Me Boyer, qui a longtemps siégé à la Commission des libérations conditionnelles du Canada, est revenu sur les étapes qui ont mené à la libération conditionnelle d’Eustachio Gallese en 2019.  

«En mars l’an dernier, il avait accompli plusieurs étapes nécessaires pour une remise en liberté. Il avait suivi des programmes, avait un suivi psychologique, avait eu des évaluations. Toutefois, il demeurait le fait que c’est un individu qui a de sérieux problèmes de contrôle de ses pulsions quand il est face à une femme», a-t-il dit.  

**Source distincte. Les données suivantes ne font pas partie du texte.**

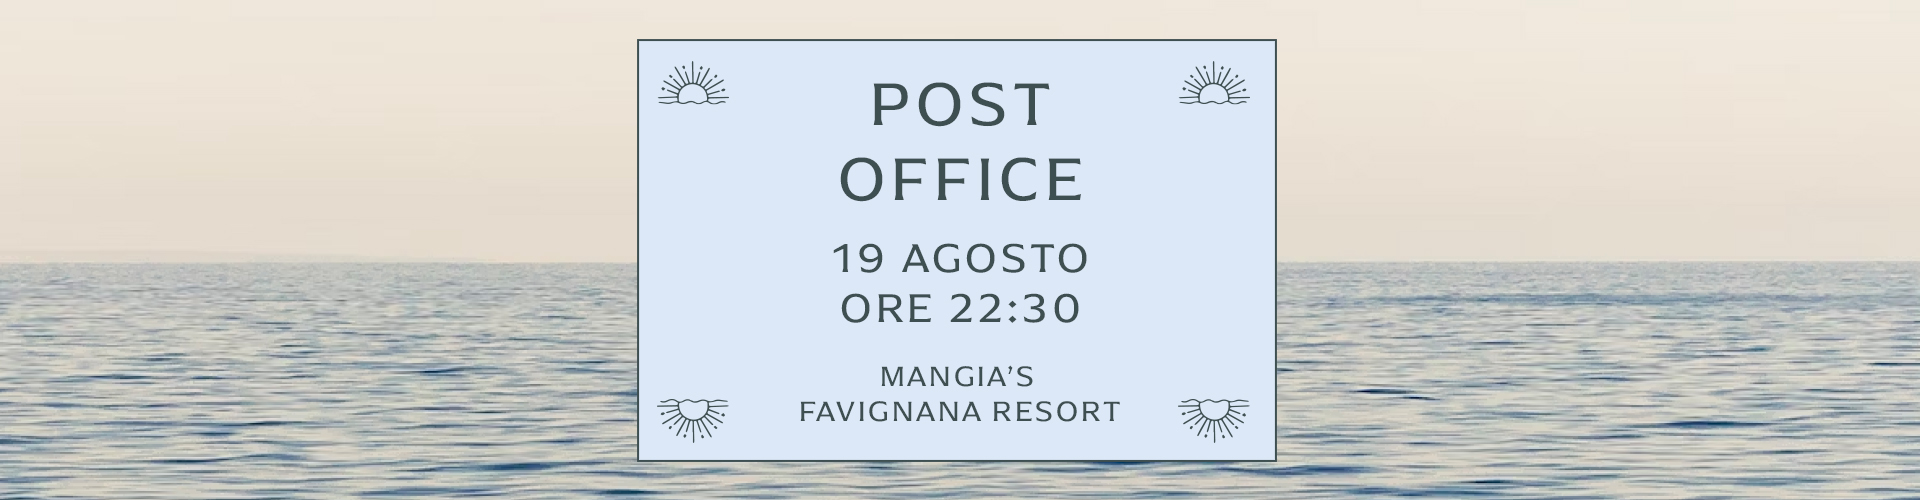 Post Office a Favignana
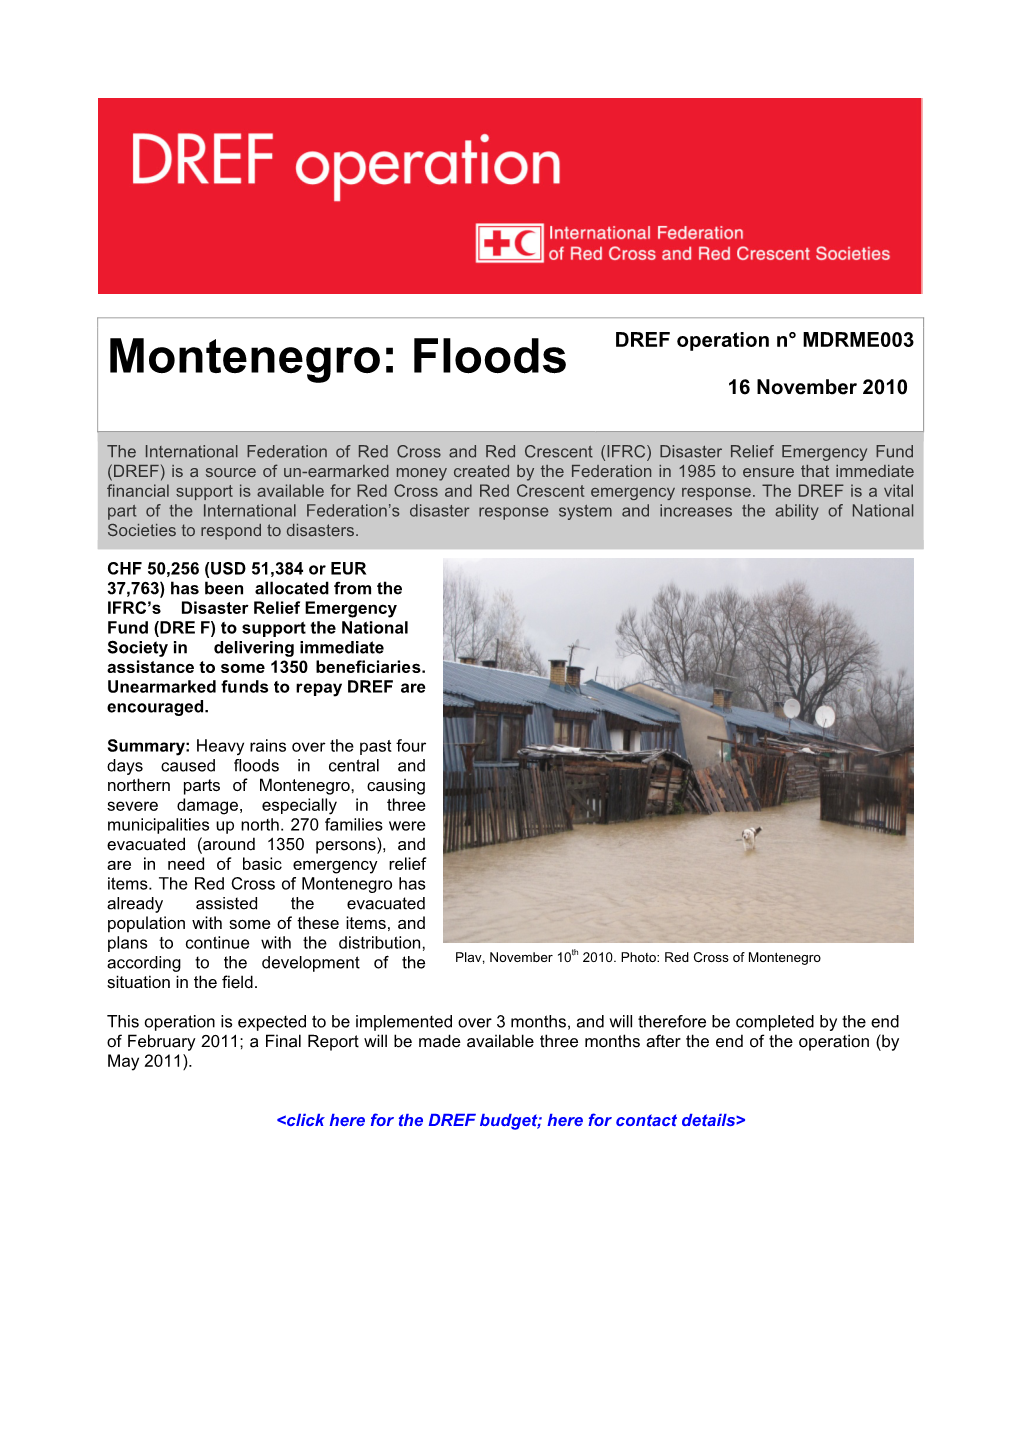 Montenegro: Floods DREF Operation N° MDRME003 16 November 2010

«C’est ce qui est difficile à évaluer pour les commissaires. Jusqu’à quel point il peut être dangereux? [...] Il avait eu près de 300 sorties en communauté, supervisées ou non, qui s’étaient bien passées. On met ça dans la balance quand on évalue.»  

Même si un plan pour que Gallese puisse avoir des relations sexuelles avec des prostituées a été mis en place, ce dernier n’a pas dû rapporter la vérité sur ses rencontres avec ces femmes.  

«Il a sûrement rapporté quelques informations, mais il n’a sûrement pas rapporté qu’il faisait affaire avec un salon de massage d’où il a été interdit de présence pour sa violence», croit Me Boyer.  

«Il faut cependant comprendre qu’au Canada, nous sommes un des meilleurs systèmes au monde pour la réinsertion sociale des détenus.»